3. This includes strangers sending you emails with the exact thing you asked them not to send.
It is, of course, inverted in a number of important ways from the examples of digital exhibitionism. In this situation, people seem to be responding to your fantasy [the car fairy] rather than projecting their fantasy onto others.
Perhaps I am over thinking this.
Full disclosure: it’s hard for me to imagine over-thinking something like this. What could be more fun than playing with our brains this way?
You’ve made an interesting point. The thing is, the car-buying fantasy is widely distributed. I don’t know if they’d have responded similarly if my fantasy concerned something more arcane, more of an acquired taste. Which suggests that I stuck my thumb into the Zeitgeist and pulled out a plum of a thought. And now we are chewing it.
The urge to advise deserves its own name. Not exhibitionism of any type. How about guidelalia? Counselosis? Truly, as you implied earlier, it may be simply human kindness.
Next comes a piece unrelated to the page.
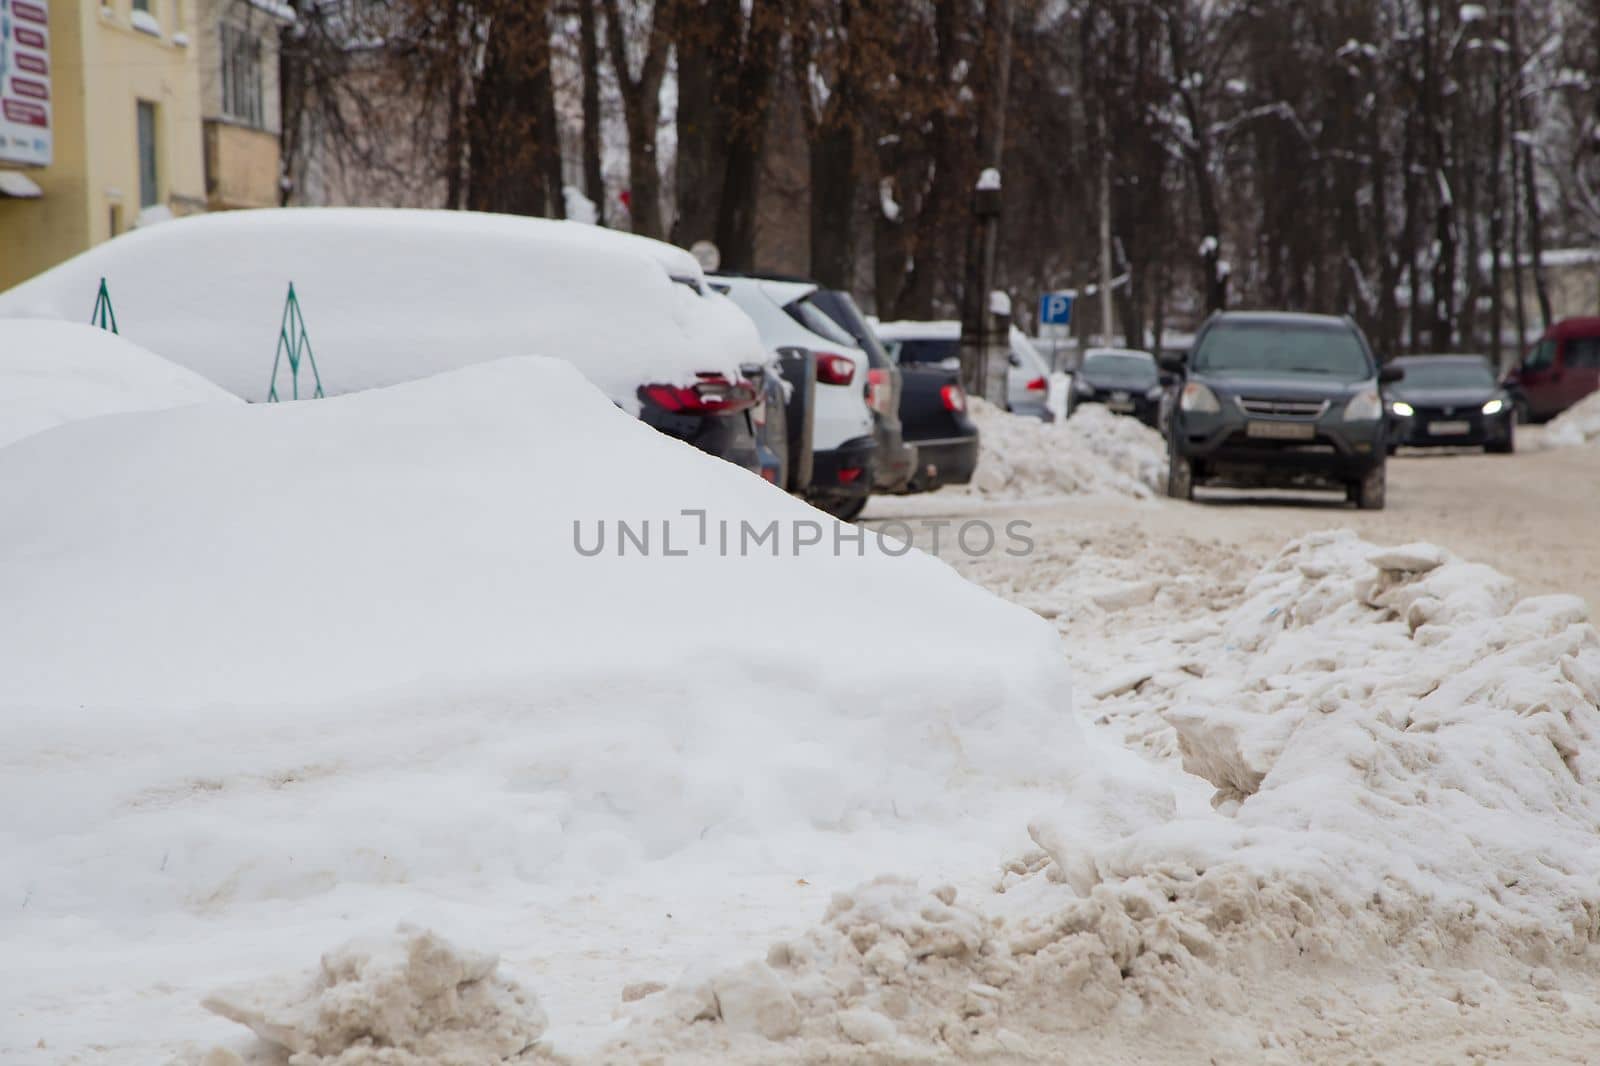 A large snowdrift against the backdrop of a city street with cars. On the road lies white snow in high heaps. Urban winter landscape. Cloudy winter day, soft light.
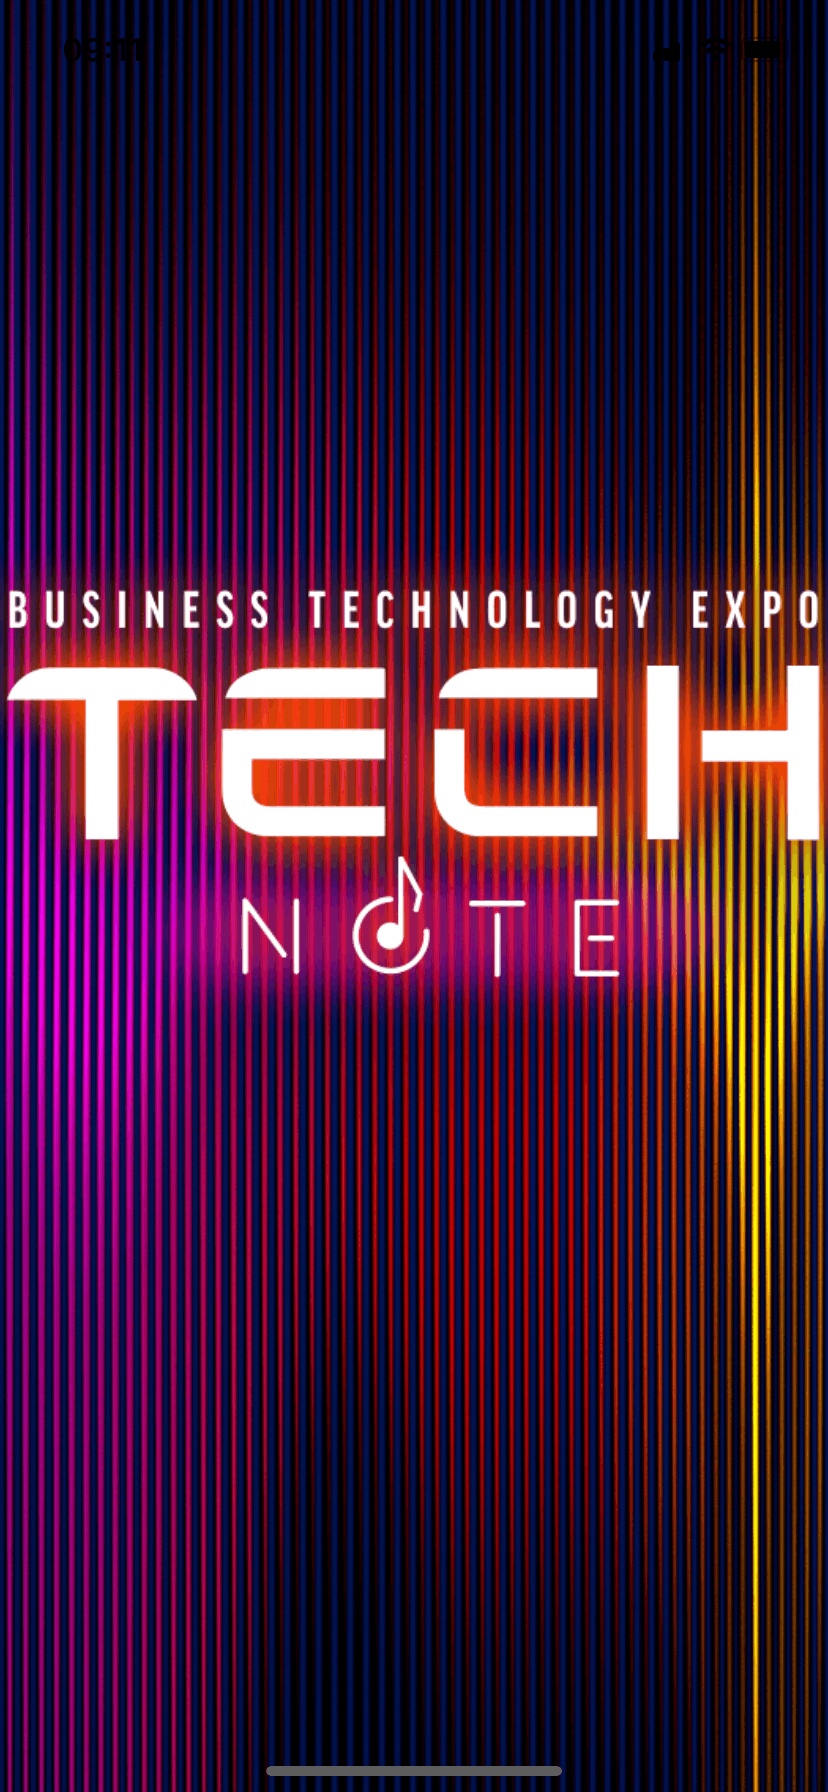 Tech Note - Business Technology Expo

Car advice: Approach the car carrying briefcase, purse or whatever else you might be carrying to a meeting, conference, etc. Can you open the door easily in this situation? Can you put your things in the car without bonking your head on the roof of the car as you bend to put them wherever? When you slide in behind the wheel, does your skirt/coat get stuck on the fabric and bunch up so you have to do a lot of adjusting of clothes and body position before you can turn on the ignition? Does the seat adjust to your comfort level for driving and seeing? Does the BACK of the seat do the same? If all the mirrors are adjusted properly can you now easily see whoever might be coming up from behind or do you still have to crane your head a little this way and that? If you answer no to any of the above, stop right there and look for a different car. If all the above is great, then consider the performance of the car re mileage to the gallon, cost, insurance costs, car ratings, etc. etc. As to color — lighter colors don’t show dirt and grime as much as dark colored cars. Also lighter colored cars reflect heat in summer, so they are easier to cool.